> Task: Using the records below, quote only the span that opens with the line containing "Healthfirst Urgent Care" and closes with the line containing "Triathlon athlete Alice", exactly and inclusively.

--- Source data Enclosed Below ---

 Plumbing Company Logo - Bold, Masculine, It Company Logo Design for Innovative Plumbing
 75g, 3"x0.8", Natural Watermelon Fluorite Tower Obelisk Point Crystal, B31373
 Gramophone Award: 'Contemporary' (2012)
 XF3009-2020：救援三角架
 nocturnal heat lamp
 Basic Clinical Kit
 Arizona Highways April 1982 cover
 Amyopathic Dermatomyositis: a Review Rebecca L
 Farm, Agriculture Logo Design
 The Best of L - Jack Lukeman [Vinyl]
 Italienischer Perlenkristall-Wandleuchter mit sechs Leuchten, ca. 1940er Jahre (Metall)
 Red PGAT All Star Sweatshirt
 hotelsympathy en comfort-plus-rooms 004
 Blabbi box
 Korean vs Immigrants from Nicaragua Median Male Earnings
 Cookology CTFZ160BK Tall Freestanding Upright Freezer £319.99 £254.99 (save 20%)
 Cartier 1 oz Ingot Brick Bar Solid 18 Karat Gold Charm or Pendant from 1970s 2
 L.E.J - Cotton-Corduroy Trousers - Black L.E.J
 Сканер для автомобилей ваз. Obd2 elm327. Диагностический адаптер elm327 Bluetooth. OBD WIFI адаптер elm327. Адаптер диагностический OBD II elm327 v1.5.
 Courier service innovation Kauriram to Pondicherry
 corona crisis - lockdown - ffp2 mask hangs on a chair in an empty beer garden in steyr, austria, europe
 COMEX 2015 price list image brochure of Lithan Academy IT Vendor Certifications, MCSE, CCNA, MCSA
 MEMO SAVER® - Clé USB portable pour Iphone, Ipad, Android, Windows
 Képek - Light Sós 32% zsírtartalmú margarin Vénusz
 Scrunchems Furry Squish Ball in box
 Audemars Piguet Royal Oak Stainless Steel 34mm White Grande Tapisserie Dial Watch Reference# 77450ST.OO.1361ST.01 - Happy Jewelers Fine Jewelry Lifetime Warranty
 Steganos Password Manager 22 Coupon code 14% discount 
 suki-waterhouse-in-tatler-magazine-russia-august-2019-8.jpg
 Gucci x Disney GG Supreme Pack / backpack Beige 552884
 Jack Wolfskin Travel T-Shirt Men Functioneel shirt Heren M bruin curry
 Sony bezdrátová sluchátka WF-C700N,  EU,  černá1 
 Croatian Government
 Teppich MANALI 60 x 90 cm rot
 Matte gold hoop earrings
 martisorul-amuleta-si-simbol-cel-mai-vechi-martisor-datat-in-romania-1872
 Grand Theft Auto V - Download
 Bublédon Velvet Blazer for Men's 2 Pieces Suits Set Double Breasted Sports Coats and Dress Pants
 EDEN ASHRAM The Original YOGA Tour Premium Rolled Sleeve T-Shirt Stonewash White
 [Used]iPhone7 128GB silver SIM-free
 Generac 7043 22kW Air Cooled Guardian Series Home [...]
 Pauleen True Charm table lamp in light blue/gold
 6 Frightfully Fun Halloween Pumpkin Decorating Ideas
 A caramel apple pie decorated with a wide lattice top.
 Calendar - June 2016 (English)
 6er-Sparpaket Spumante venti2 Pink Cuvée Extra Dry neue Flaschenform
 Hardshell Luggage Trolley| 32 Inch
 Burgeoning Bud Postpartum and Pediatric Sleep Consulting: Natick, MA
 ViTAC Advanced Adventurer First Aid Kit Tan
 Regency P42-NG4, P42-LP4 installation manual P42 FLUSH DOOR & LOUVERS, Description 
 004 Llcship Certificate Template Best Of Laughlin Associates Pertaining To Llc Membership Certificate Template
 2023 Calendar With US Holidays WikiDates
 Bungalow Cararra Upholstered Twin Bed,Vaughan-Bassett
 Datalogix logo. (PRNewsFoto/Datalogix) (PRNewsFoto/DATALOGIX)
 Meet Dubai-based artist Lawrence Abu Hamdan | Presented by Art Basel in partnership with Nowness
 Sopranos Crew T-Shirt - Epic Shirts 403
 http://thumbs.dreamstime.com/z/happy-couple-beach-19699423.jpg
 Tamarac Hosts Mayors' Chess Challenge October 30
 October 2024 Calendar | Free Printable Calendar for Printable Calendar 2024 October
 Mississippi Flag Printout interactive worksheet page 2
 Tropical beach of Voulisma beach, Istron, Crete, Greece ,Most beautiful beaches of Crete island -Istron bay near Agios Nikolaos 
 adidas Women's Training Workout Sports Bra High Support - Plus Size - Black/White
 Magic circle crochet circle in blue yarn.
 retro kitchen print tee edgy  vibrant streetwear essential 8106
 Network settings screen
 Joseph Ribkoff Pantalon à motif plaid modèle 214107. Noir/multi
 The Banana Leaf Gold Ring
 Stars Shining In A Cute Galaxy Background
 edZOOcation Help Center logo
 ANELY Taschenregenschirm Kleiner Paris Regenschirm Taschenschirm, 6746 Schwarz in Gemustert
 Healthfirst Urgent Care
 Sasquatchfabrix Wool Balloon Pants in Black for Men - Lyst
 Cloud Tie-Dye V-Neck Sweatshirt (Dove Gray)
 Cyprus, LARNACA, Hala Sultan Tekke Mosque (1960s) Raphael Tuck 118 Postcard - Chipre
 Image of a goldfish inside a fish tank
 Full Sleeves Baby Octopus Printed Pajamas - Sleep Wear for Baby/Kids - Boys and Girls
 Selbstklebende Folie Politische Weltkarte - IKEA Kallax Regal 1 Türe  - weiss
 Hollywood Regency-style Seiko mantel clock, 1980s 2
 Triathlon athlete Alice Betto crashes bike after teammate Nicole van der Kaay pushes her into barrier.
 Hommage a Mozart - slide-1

--- End of Enclosed Source data ---

> Answer to the exercise:
 Healthfirst Urgent Care
 Sasquatchfabrix Wool Balloon Pants in Black for Men - Lyst
 Cloud Tie-Dye V-Neck Sweatshirt (Dove Gray)
 Cyprus, LARNACA, Hala Sultan Tekke Mosque (1960s) Raphael Tuck 118 Postcard - Chipre
 Image of a goldfish inside a fish tank
 Full Sleeves Baby Octopus Printed Pajamas - Sleep Wear for Baby/Kids - Boys and Girls
 Selbstklebende Folie Politische Weltkarte - IKEA Kallax Regal 1 Türe  - weiss
 Hollywood Regency-style Seiko mantel clock, 1980s 2
 Triathlon athlete Alice Betto crashes bike after teammate Nicole van der Kaay pushes her into barrier.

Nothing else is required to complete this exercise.